Among parents the age-gap is often more related to the ages of our children than to our own biological age so if I want to be with women my own age and not sound like an old, boring been-there, done-that, know-it-all, I need to embrace the newness of their stories and not drag my ancient ones down from the attic.
If my husband asked me in that moment what I wanted, I would have said, “This. I want to listen to a new generation of moms.”
I know what I want now and it is to have brushed teeth, a clean shirt, and adult conversation while guarding the treasure these moms will learn. The baby stage was hard and beautiful. The elementary school stage is hard and beautiful. I’m assuming the teenage stage will be hard and beautiful.

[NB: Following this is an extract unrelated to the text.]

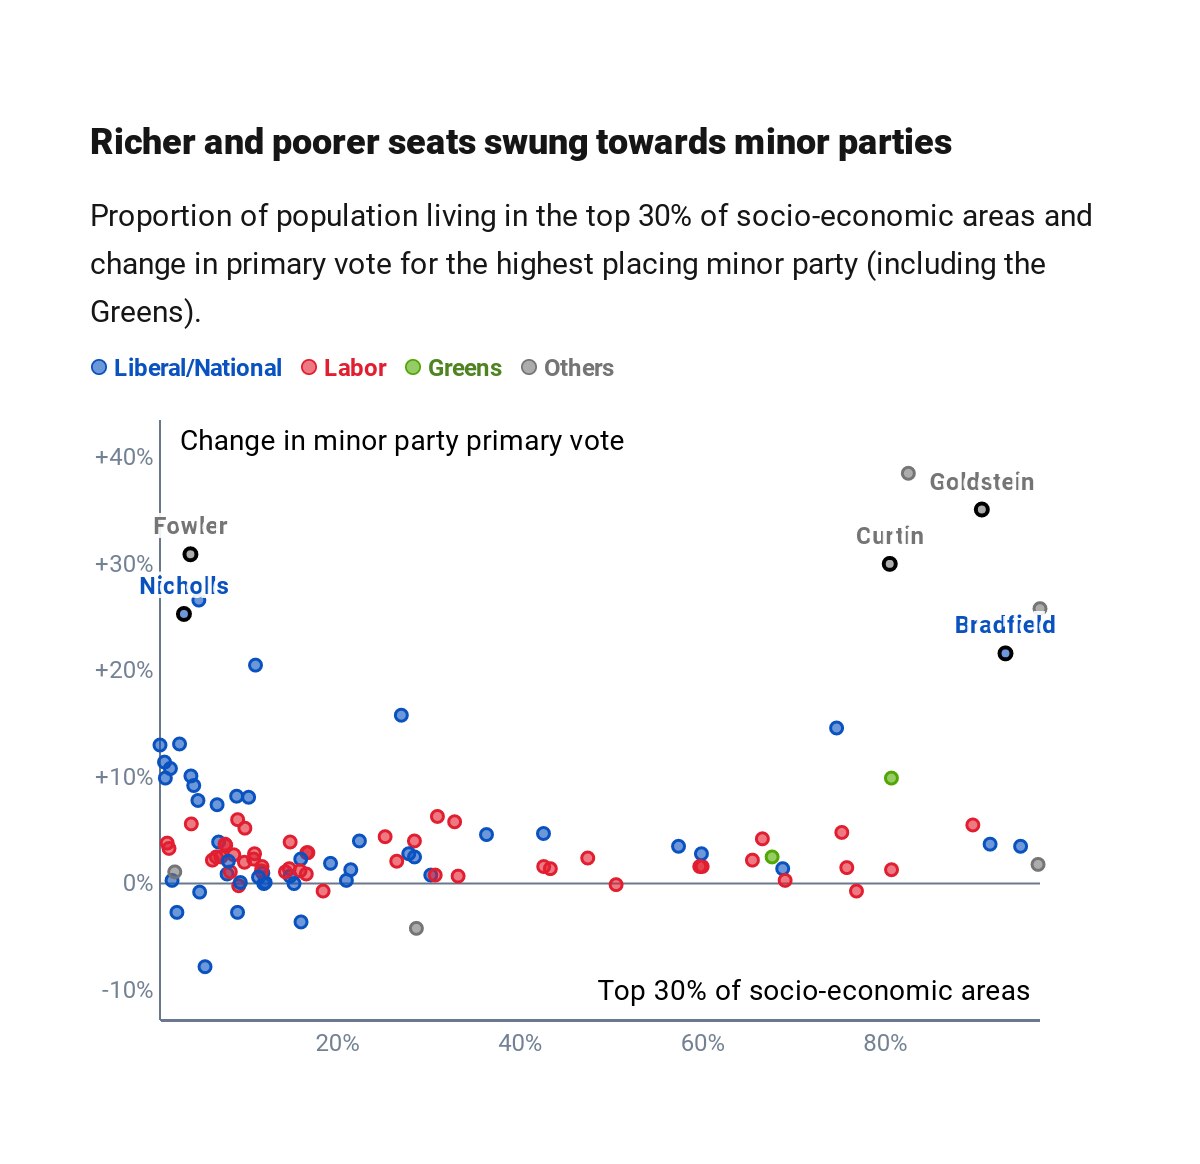 A scatterplot showing high and low socio-economic areas swung more towards minor parties including the Greens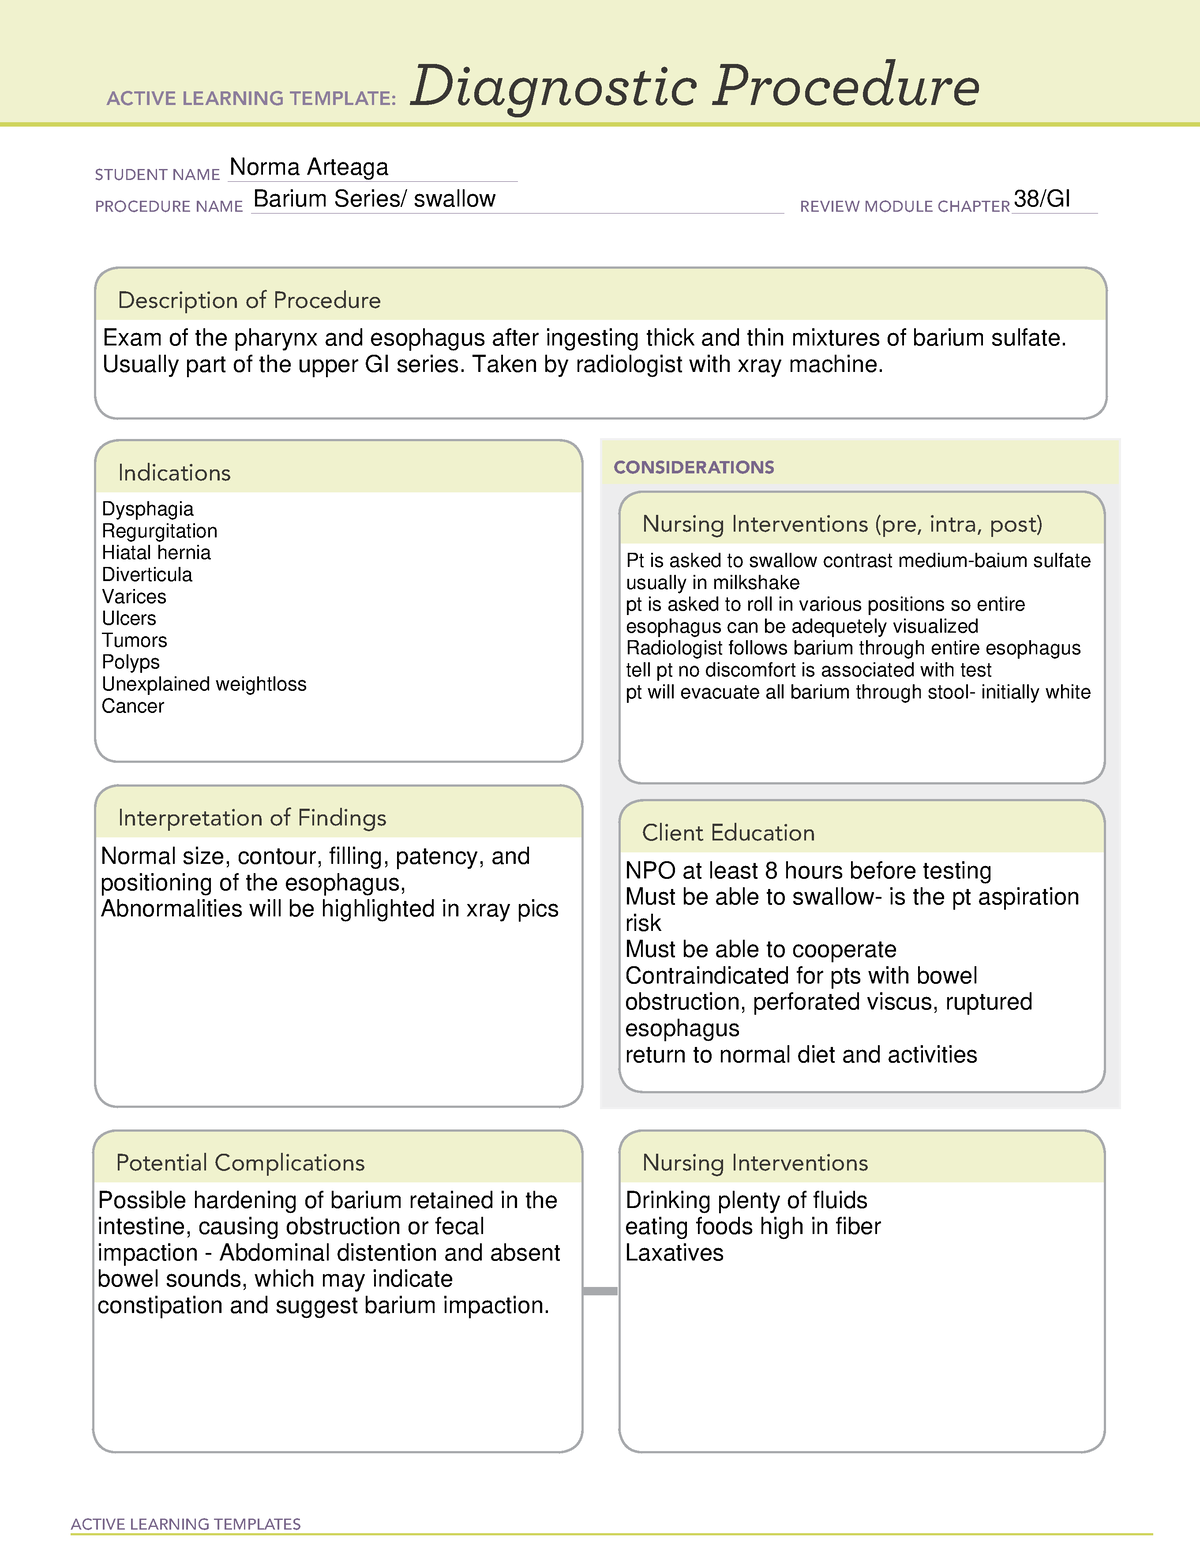 Barium swallow active learning template ACTIVE LEARNING TEMPLATES

I would have said, “What I want is to be the adult human face a mom looks at and doesn’t need to wipe and to be the empathetic ears a mom speaks to without using a sing-song voice.”
I earned my dusty stories, years ago. And I told them. Now is my turn to listen.
Rachel Pieh Jones lives in Djibouti with her husband Tom Jones (not the singer, though he thinks life might be more interesting as a musical) and three children. Raised in the Christian west, she used to say ‘you betcha,’ and ate Jell-O salads. Now she lives in the Muslim east, says ‘insha Allah,’ and eats samosas.